Otimização do uso de memória para Apache Spark
Este artigo discute como otimizar o gerenciamento de memória do Apache Spark para obter um melhor desempenho no Azure HDInsight.
Visão geral
O Spark opera colocando dados na memória. Portanto, o gerenciamento de recursos de memória é um aspecto fundamental da otimização na execução de trabalhos do Spark. Há várias técnicas que podem ser aplicadas para usar a memória do cluster de maneira eficiente.
- Preferir partições de dados menores e considerar o tamanho, os tipos e a distribuição de dados na sua estratégia de particionamento.
- Considere
Kryo data serialization
mais recentes e eficientes em vez da serialização de Java padrão. - Preferir utilizar o YARN, pois separa
spark-submit
em lotes. - Monitorar e sintonizar as definições da configuração do Spark.

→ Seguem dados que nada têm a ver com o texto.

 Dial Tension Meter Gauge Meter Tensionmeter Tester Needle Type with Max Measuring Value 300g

Para sua referência, a estrutura da memória do Spark e alguns parâmetros da memória do executor chave são mostrados na próxima imagem.
Considerações de memória do Spark
Se estiver usando o YARN do Apache Hadoop, o YARN controlará a memória usada por todos os contêineres em cada nó do Spark. O diagrama a seguir mostra os objetos de chave e os respectivos relacionamentos.

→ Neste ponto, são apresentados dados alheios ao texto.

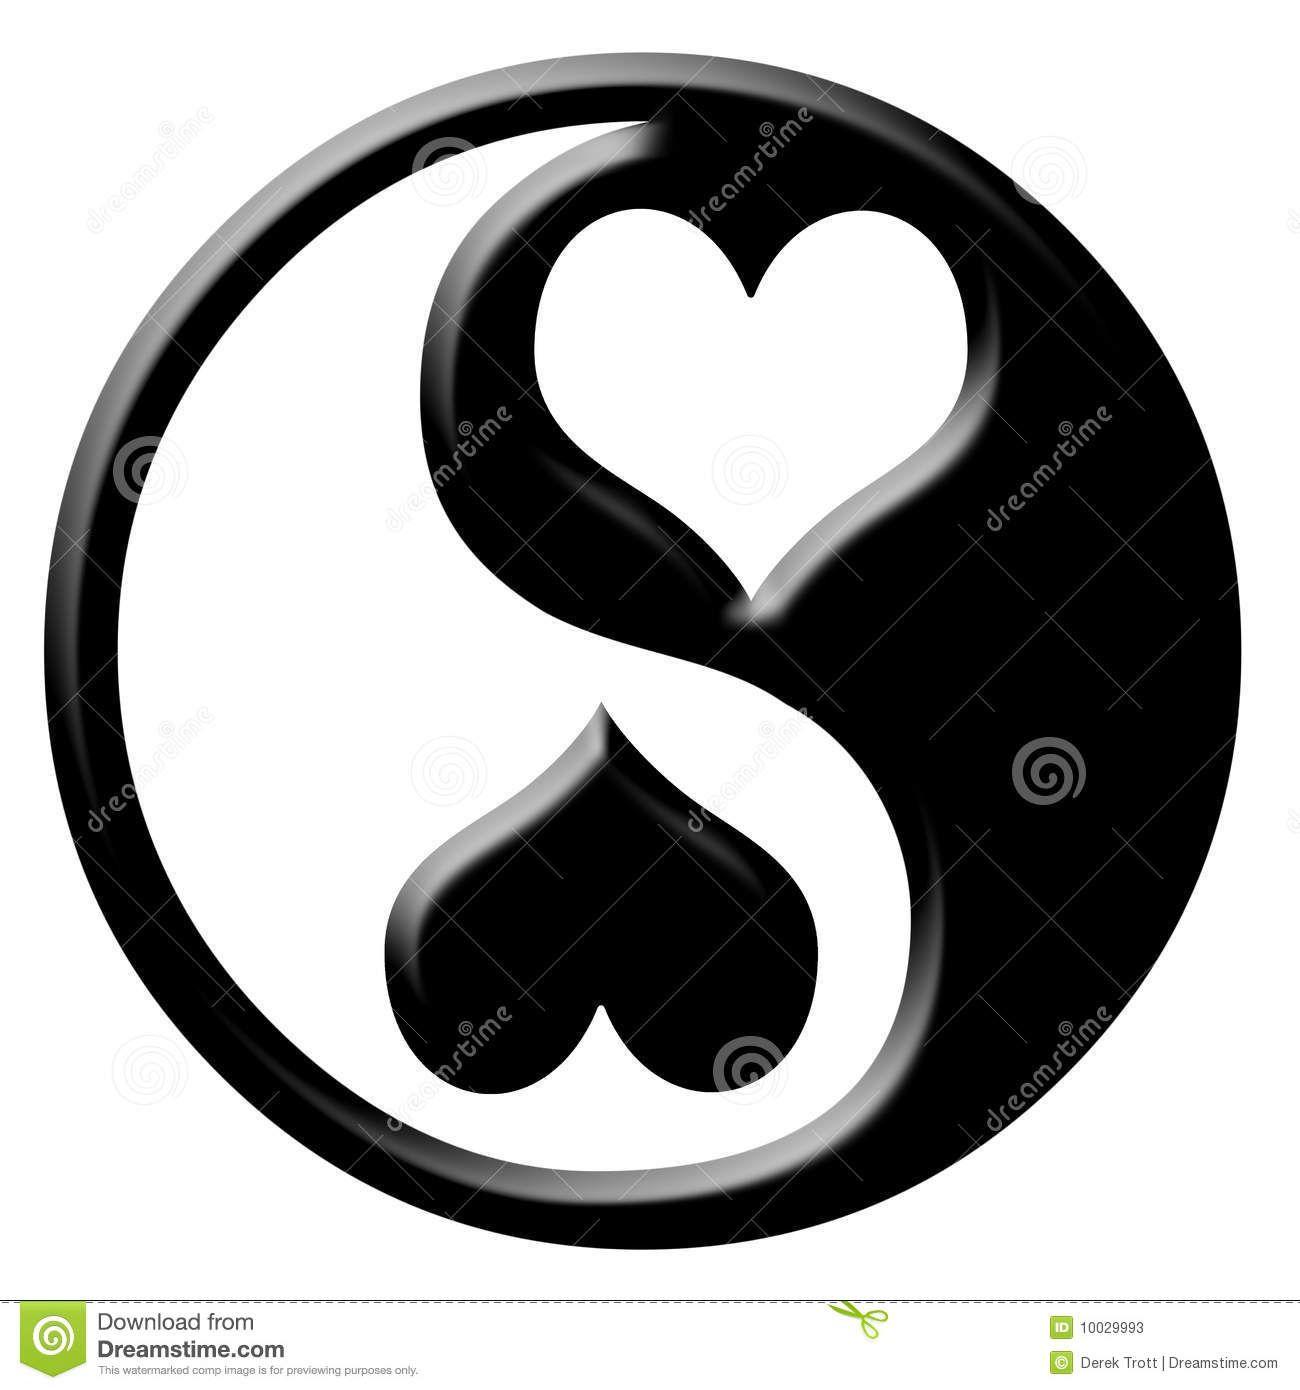 Yin Yang Black and White Box Logo - Black Love Heart, Yin Yang From Over 58 Million High

Para endereçar mensagens de "memória insuficiente", tente:
- Revisar as ordens aleatórias de armazenamento do DAG. Reduzir a redução do lado do mapa, os dados de origem de pré-partição (ou fazer bucket), maximizar as ordens aleatórias simples e reduzir a quantidade de dados enviados.
- Preferir
ReduceByKey
com o limite de memória fixa paraGroupByKey
, que fornece agregações, janelas e outras funções, mas tem limite de memória ilimitado. - Preferir
TreeReduce
, que faz mais trabalho nos executores ou partições, paraReduce
, que faz todo o trabalho no driver. - Usar os Conjuntos de Dados em vez dos objetos RDD de nível inferior.
- Criar ComplexTypes que encapsulam ações, como "Top N", várias agregações ou operações de janelas.
Para obter etapas de solução de problemas adicionais, consulte exceções OutOfMemoryError para Apache Spark no Azure HDInsight.